What needs to be done: Each line of the data is to be output verbatim, with the images removed.
Top of Data section
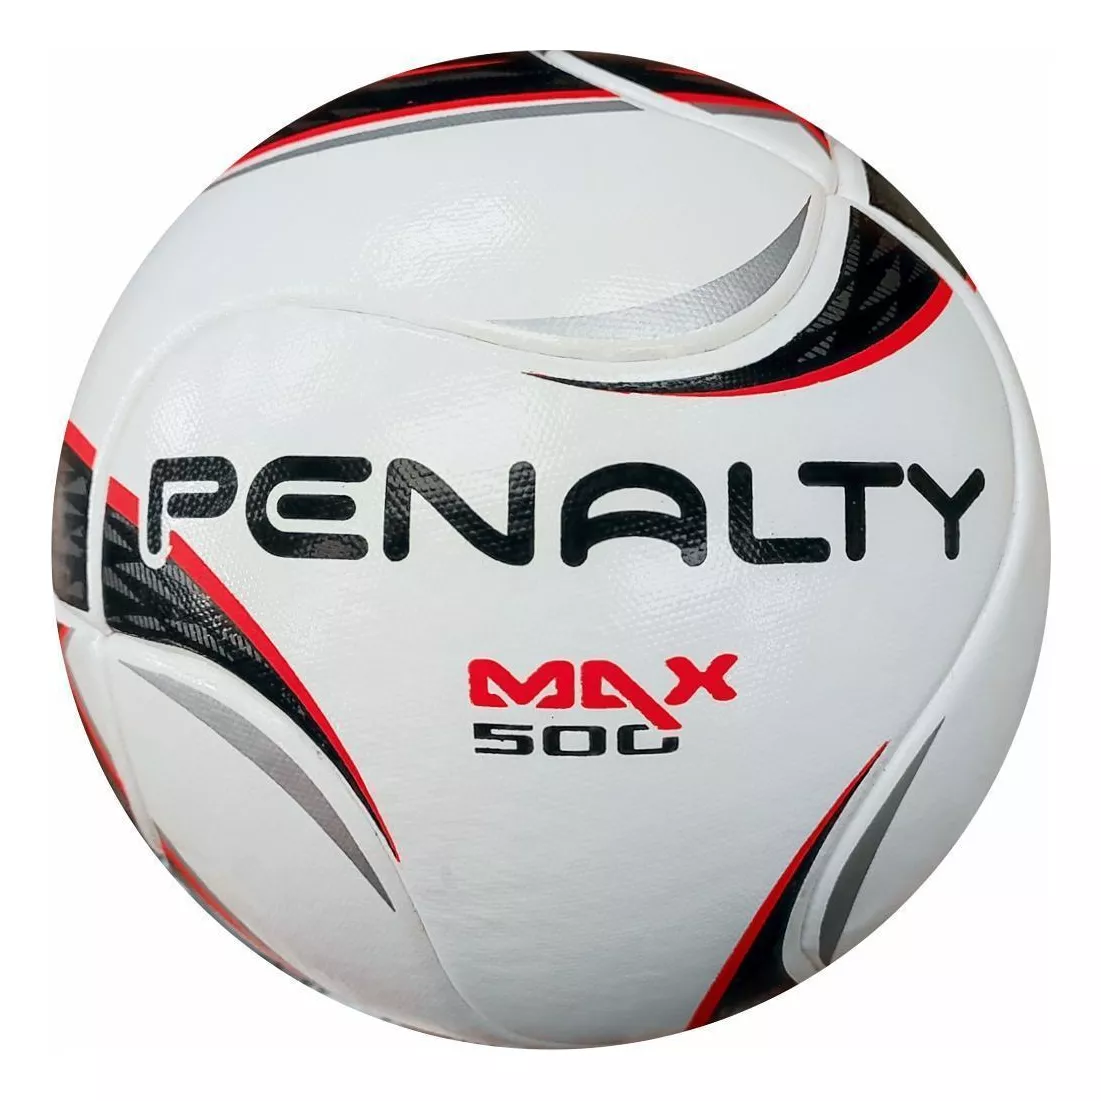 Terceira imagem para pesquisa de bola de futsal penalty
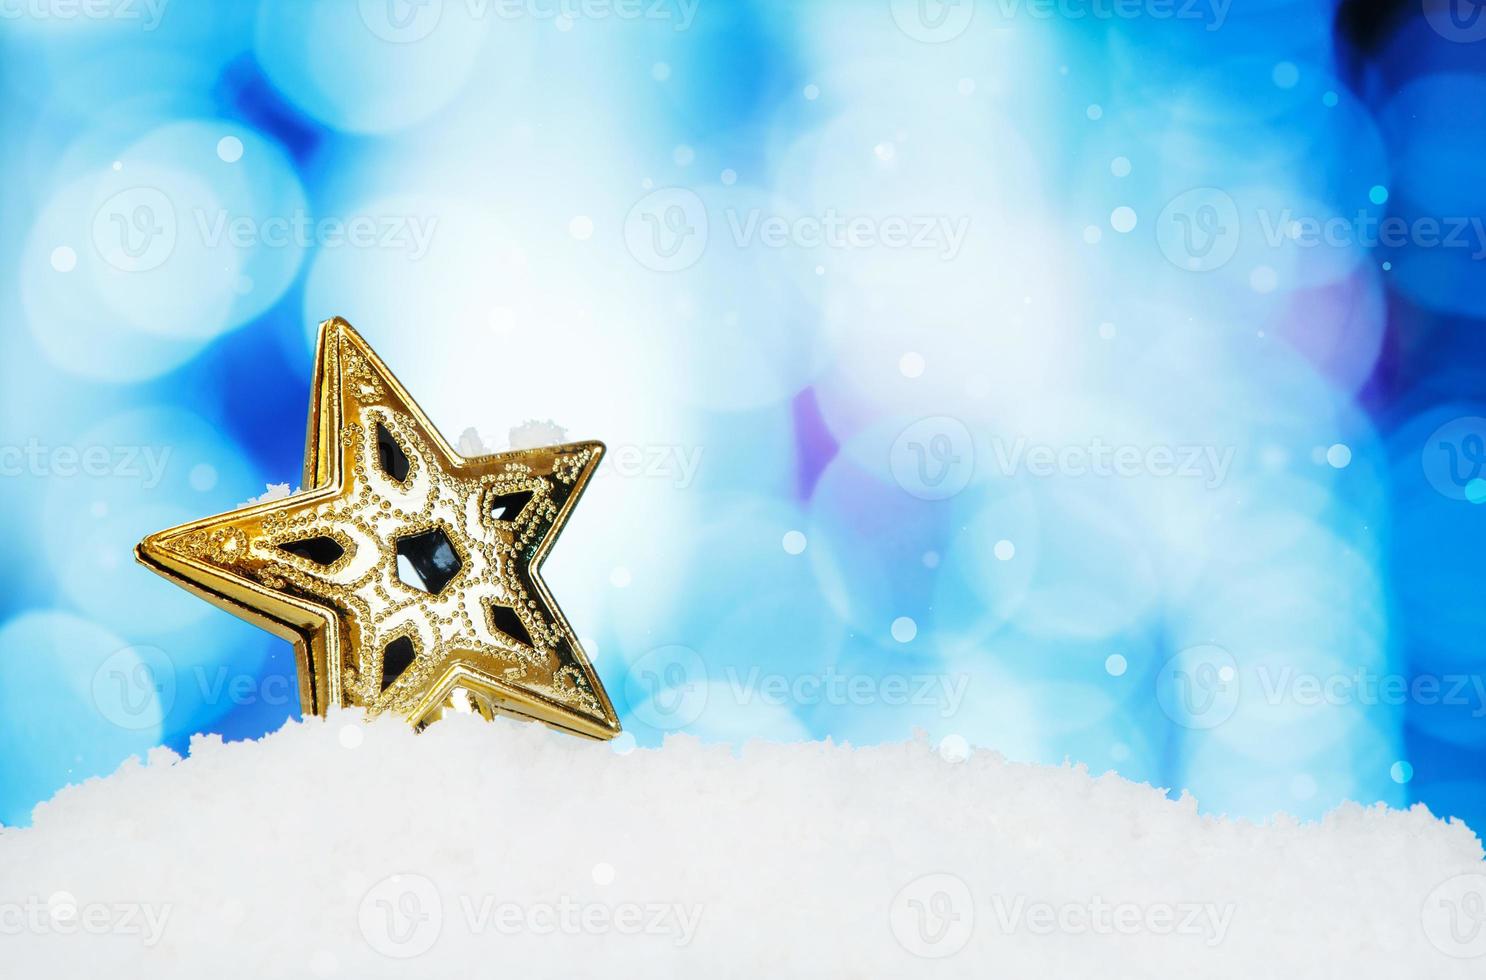 stjärna och jul dekoration på abstrakt bakgrund och snöflingor foto
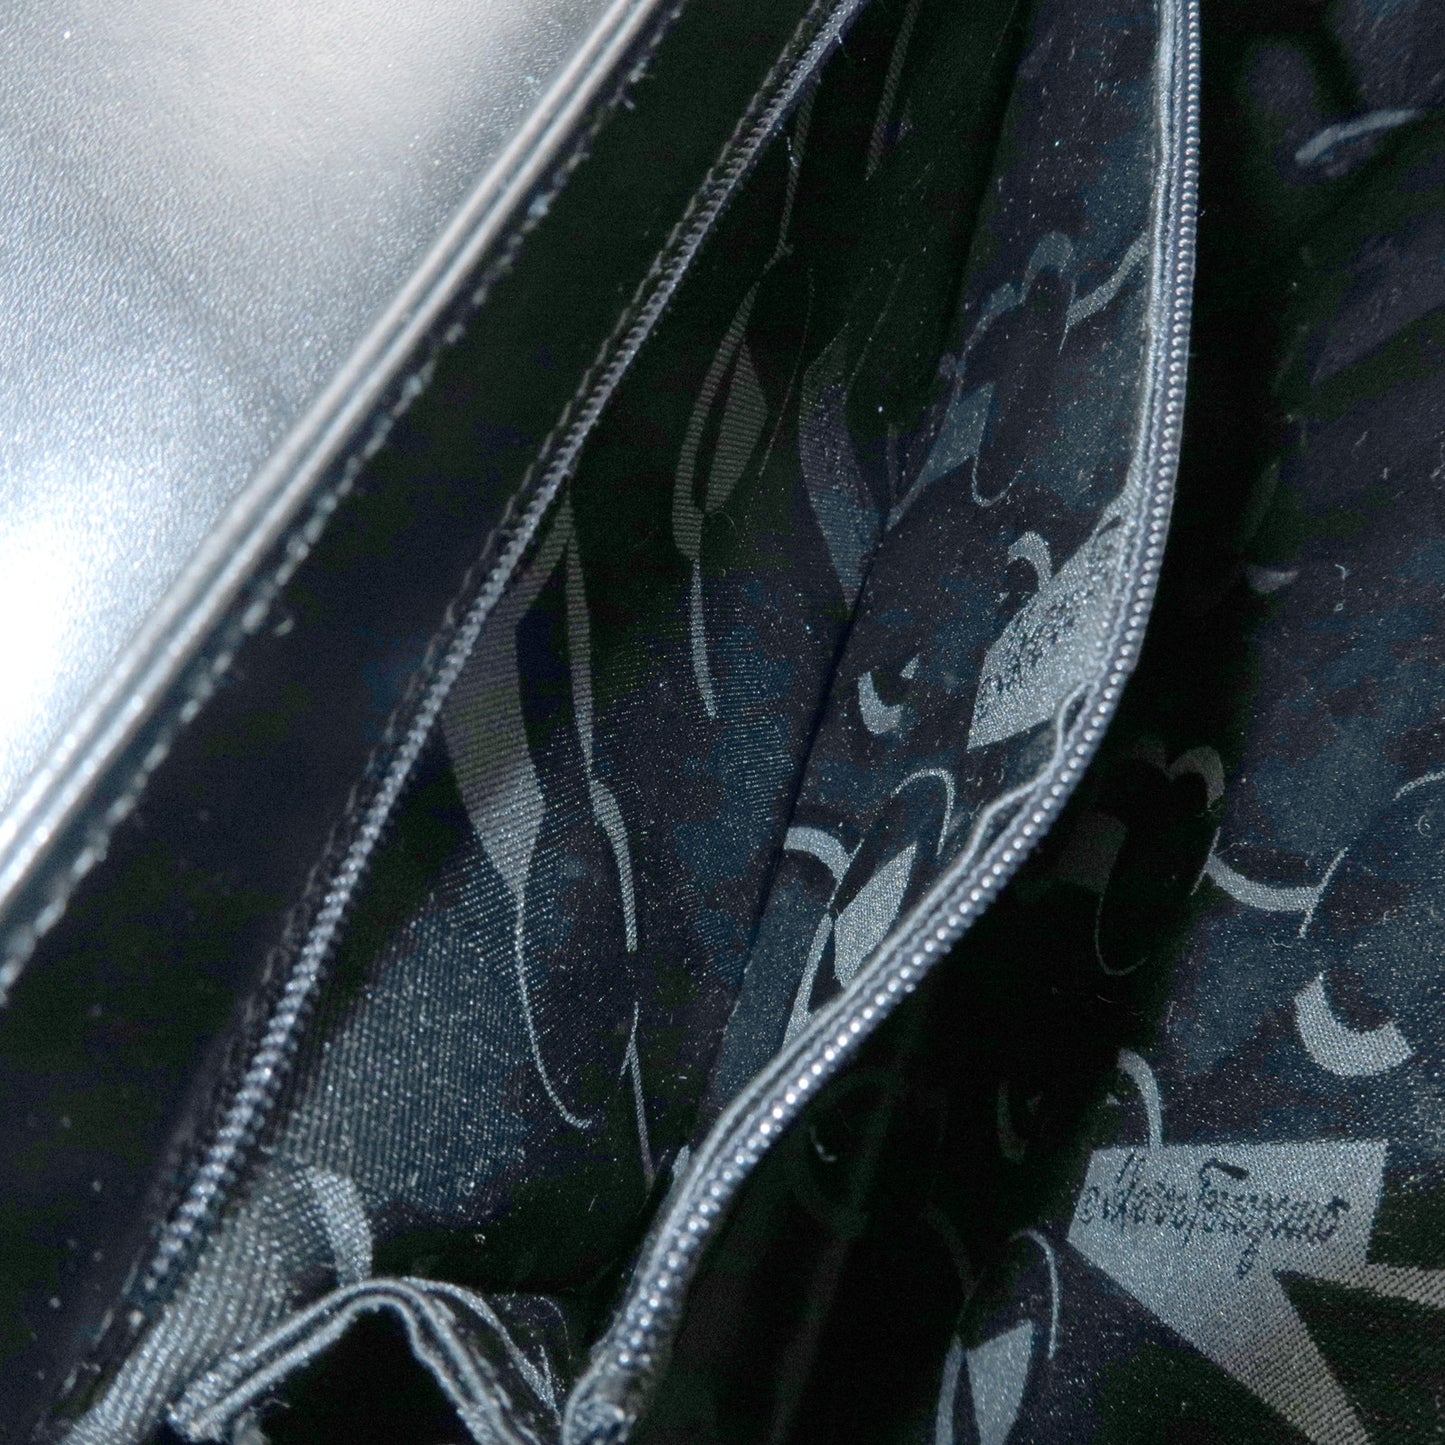 FERRAGAMO Leather Gancini 2Way Hand Shoulder Bag Black AT210536
Bottom of Data section
Result for this exercise:
 Terceira imagem para pesquisa de bola de futsal penalty
 stjärna och jul dekoration på abstrakt bakgrund och snöflingor foto
 FERRAGAMO Leather Gancini 2Way Hand Shoulder Bag Black AT210536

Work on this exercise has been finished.